#### [WHAT THE TASK ASKS]
Without the pictures, retype each line below exactly as it stands.

#### [PROVIDED DATA]

##############################

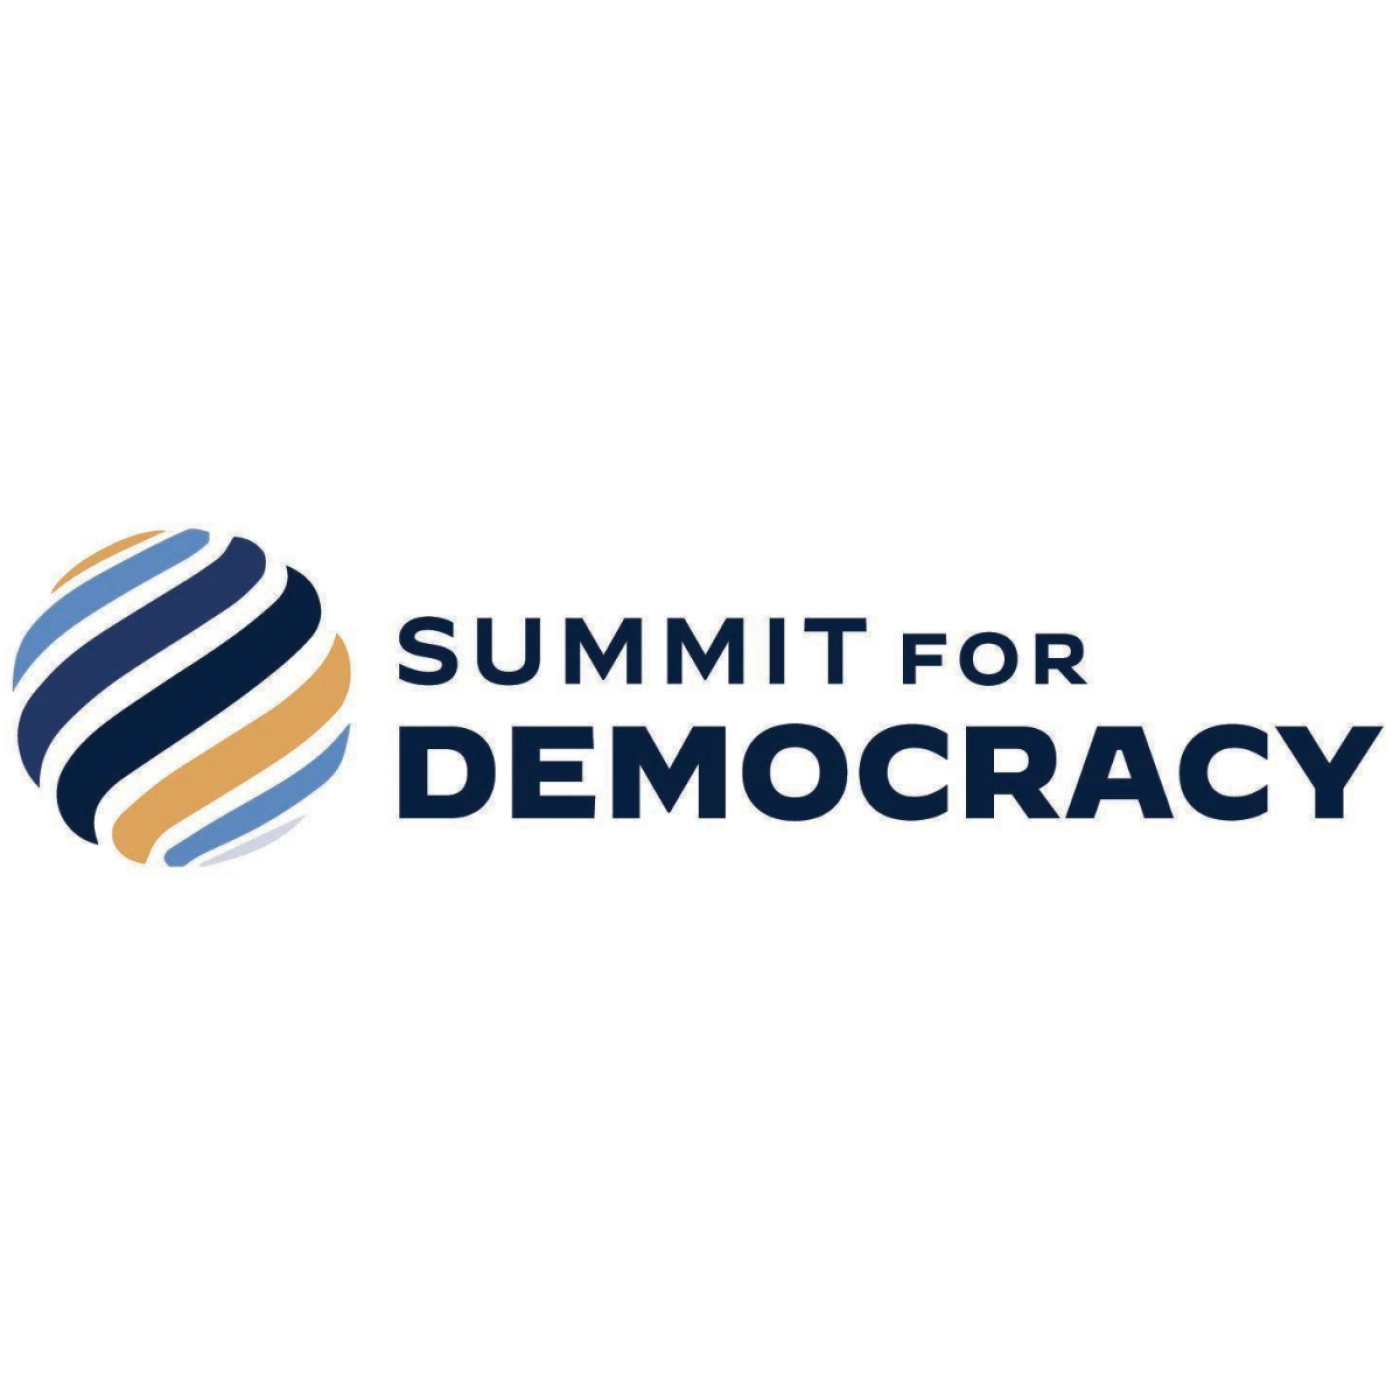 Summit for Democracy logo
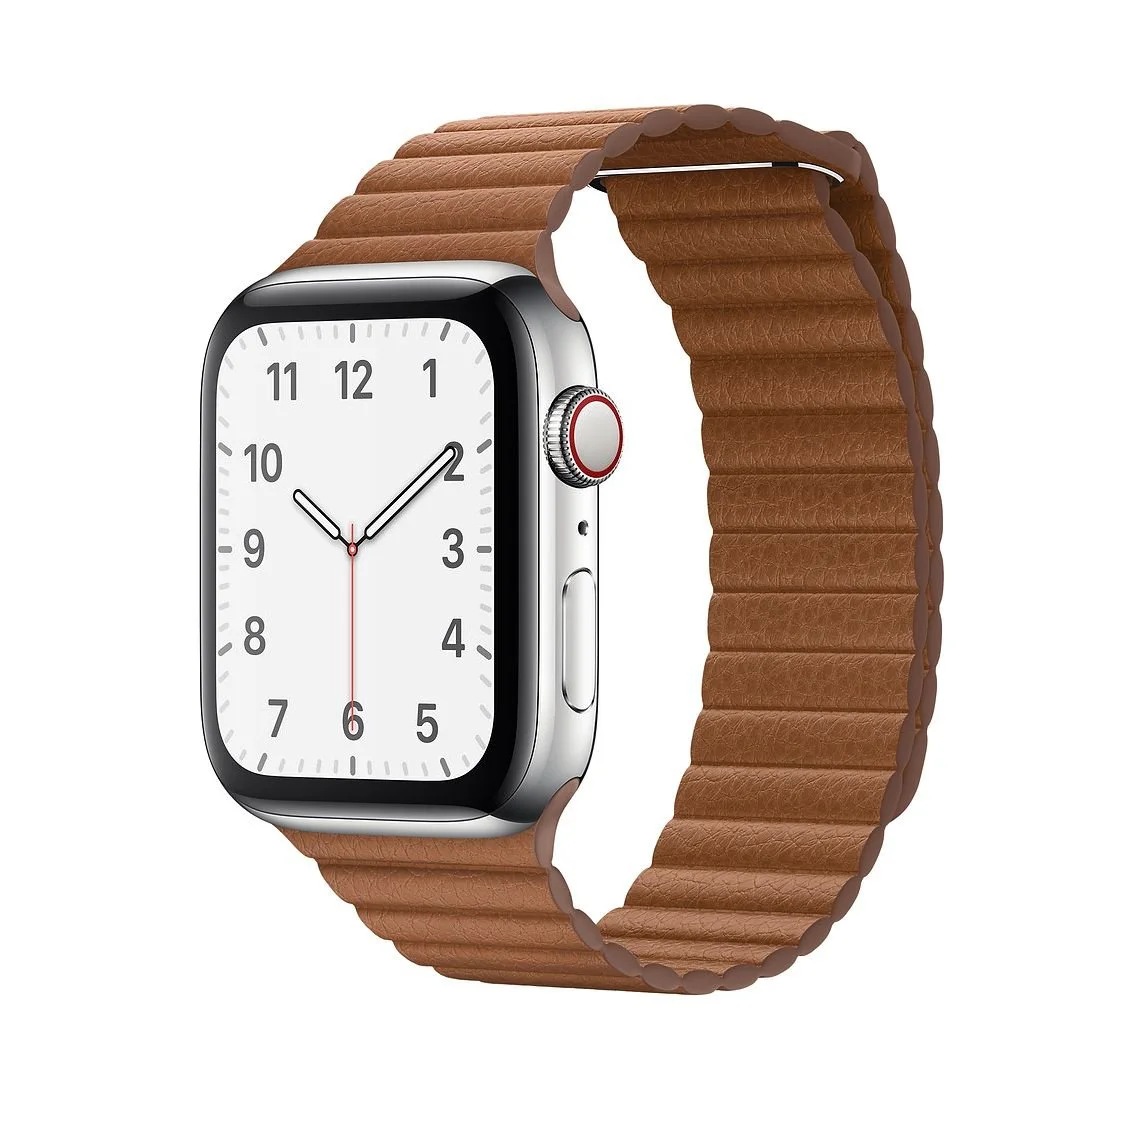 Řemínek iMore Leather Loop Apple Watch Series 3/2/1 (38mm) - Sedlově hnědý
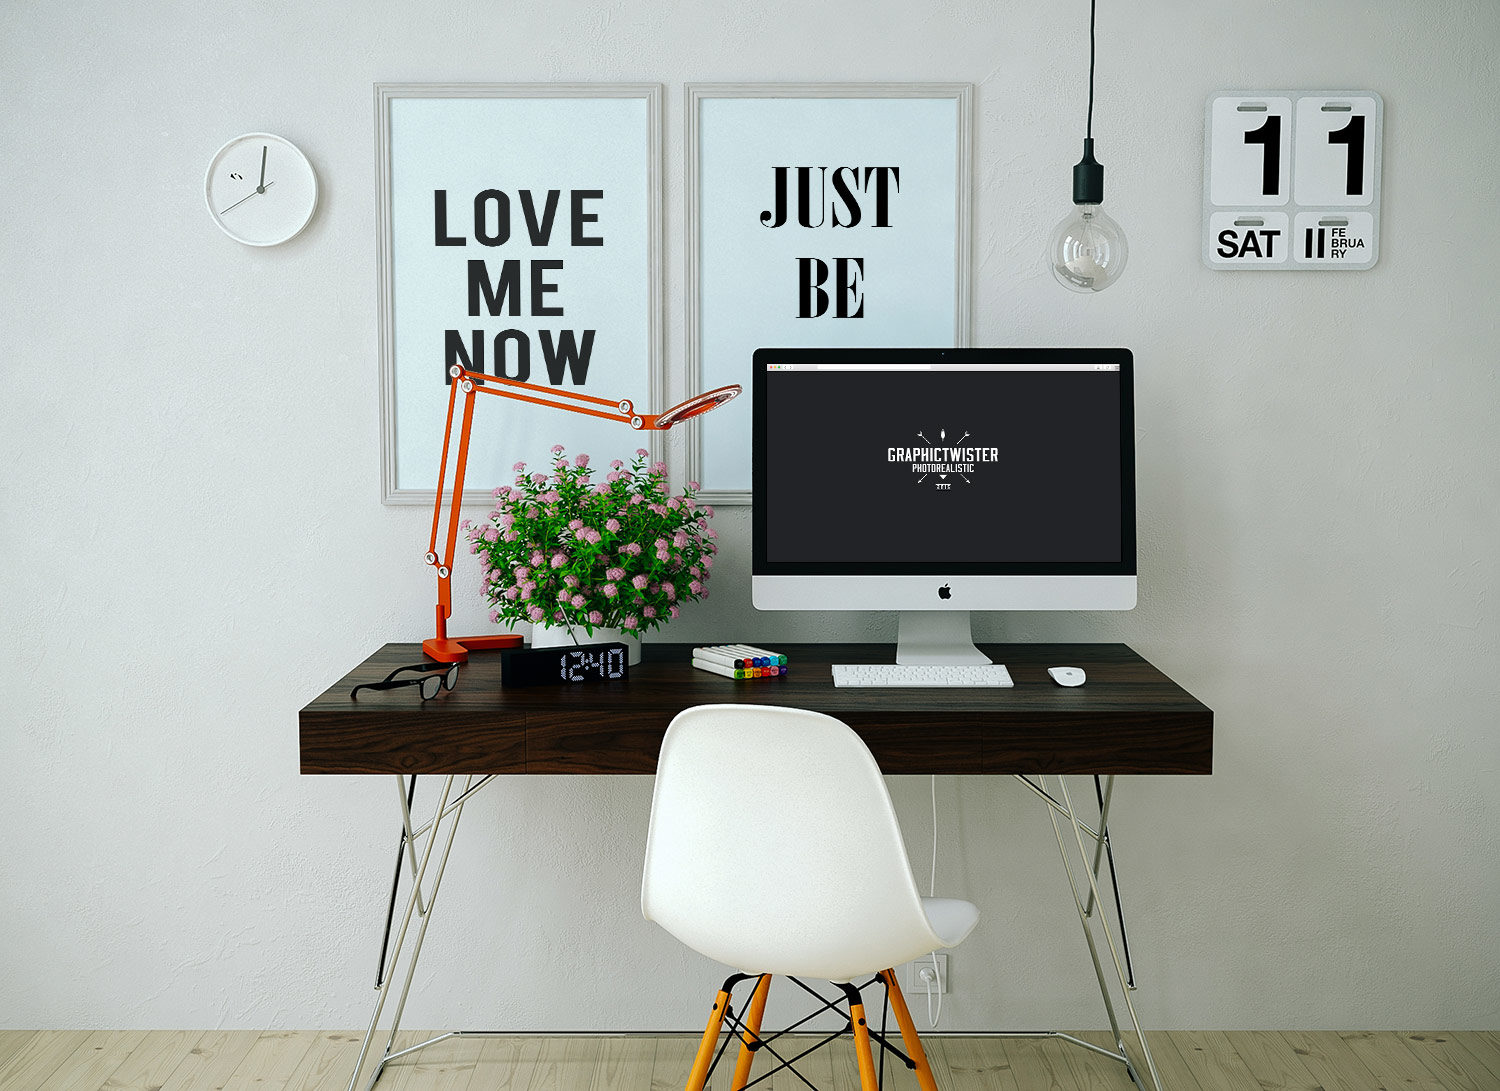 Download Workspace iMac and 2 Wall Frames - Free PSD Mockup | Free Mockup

##############################

#### [OUTPUT OF THE TASK]
 Summit for Democracy logo
 Řemínek iMore Leather Loop Apple Watch Series 3/2/1 (38mm) - Sedlově hnědý
 Download Workspace iMac and 2 Wall Frames - Free PSD Mockup | Free Mockup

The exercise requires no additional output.